A factor analysis might help us uncover the structure underlying these correlations.  We start by looking at the first principal component.  It accounts for 43% of the total variation.  A strong first principal component reflects our finding that all the correlations were positive and many were sizable (between 0.20 and 0.54).  As the percentage of the total variation accounted for by the first principal component grows, we will become more convinced that the perceptions of R can be explained by a single evaluative judgment. 

Although I have used the term "factor analysis," the pattern matrix below with standardized loading came from a principal component analysis where we used a varimax rotation of the first three principal components.

PC1 PC3 PC2
1 0.04 0.39 0.75
2 0.57 0.00 0.52
3 0.20 0.04 0.78
4 0.12 0.78 0.38
5 0.19 0.76 -0.02
6 0.79 0.19 0.20
7 0.78 0.21 0.04
8 0.44 0.48 0.25
9 0.58 0.56 0.14
PC1 PC3 PC2
SS loadings 2.18 1.97 1.71
Proportion Var 0.24 0.22 0.19
Cumulative Var 0.24 0.46 0.65

The first three principal components account for 65% of the variation.  We seem to be able to separate the nine ratings into three overlapping groups:  the first three ratings (1-3), the next two ratings (4-5), and the last four ratings (6-10).  However, there are a number of ratings with loadings on two varimax-rotated principal components (e.g., variables 2, 8, and 9).  So, what do we have here?  We can argue for the existence of three separate and orthogonal components by discounting the dual loading of our three ratings as poorly written items.  For instance, we might claim that if the items had been written more clearly, they would have loaded on only one of the rotated principal components.  The factor structure is not definitive and requires a considerable amount of "explaining away" in order to maintain a three-factor interpretation.

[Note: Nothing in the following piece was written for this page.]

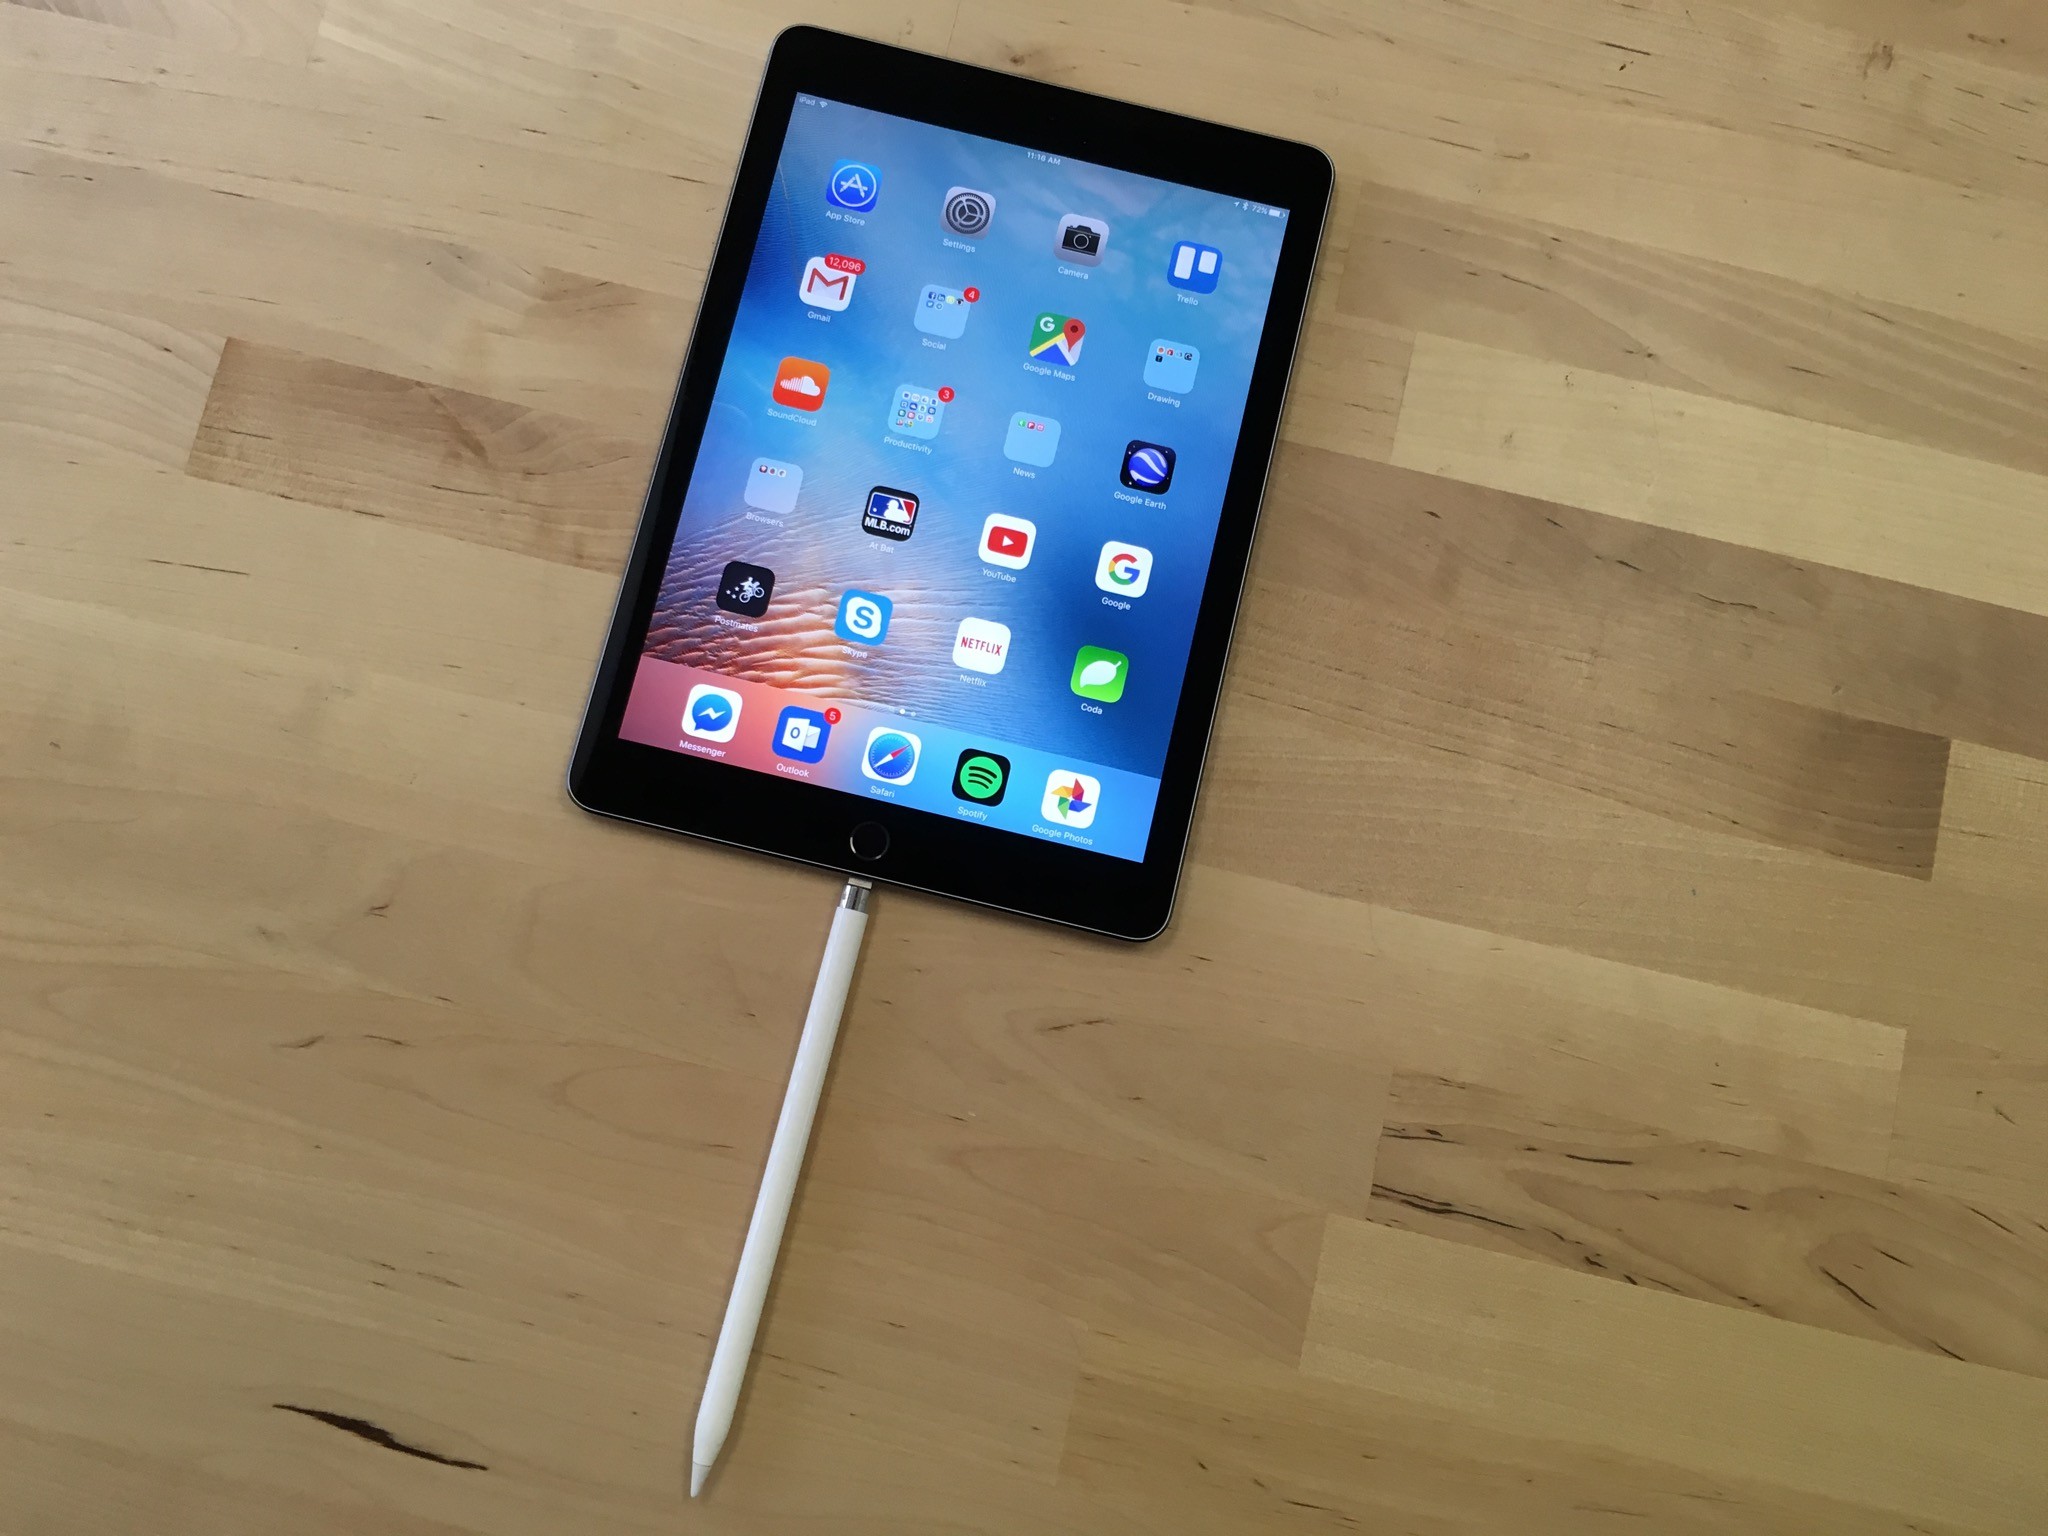 The odd lollipop shape you get when you're charging the Apple Pencil in the iPad Pro.

So far, we have run the traditional analyses.  Let us finish with a bifactor rotation that seeks to fit a factor model with both a general halo effect and specific orthogonal factors.  You can think of it as removing the general factor and then running a second factor analysis on whatever correlation remains.  You can find the details in a previous post.  You should note in the figure below that all nine ratings have general factor loadings from g.  In addition, we have the contribution of specific orthogonal factors F1*, F2*, and F3*.  All nine ratings have some correlation due to a common general factor g, and some ratings have even higher correlations because of the specific factors.  We still do not know if that general factor represents something real and important (baby) or can be attributed to measurement bias (bathwater).  All we have is the correlation matrix, and the correlation matrix alone will not resolve such indeterminacy.



The "Truth" is Revealed

I have not mentioned that all the R code needed to replicate this analysis is listed at the end of this post.  This was temporarily "hidden" from you since the data are not real but simulated using a function from the r package ltm.  I used a graded response model to generate the nine ratings.  However, instead of describing how the data were generated, I will first fit a graded response model to the nine ratings.  Once you see the "results," it will be easier to understand how the data were created.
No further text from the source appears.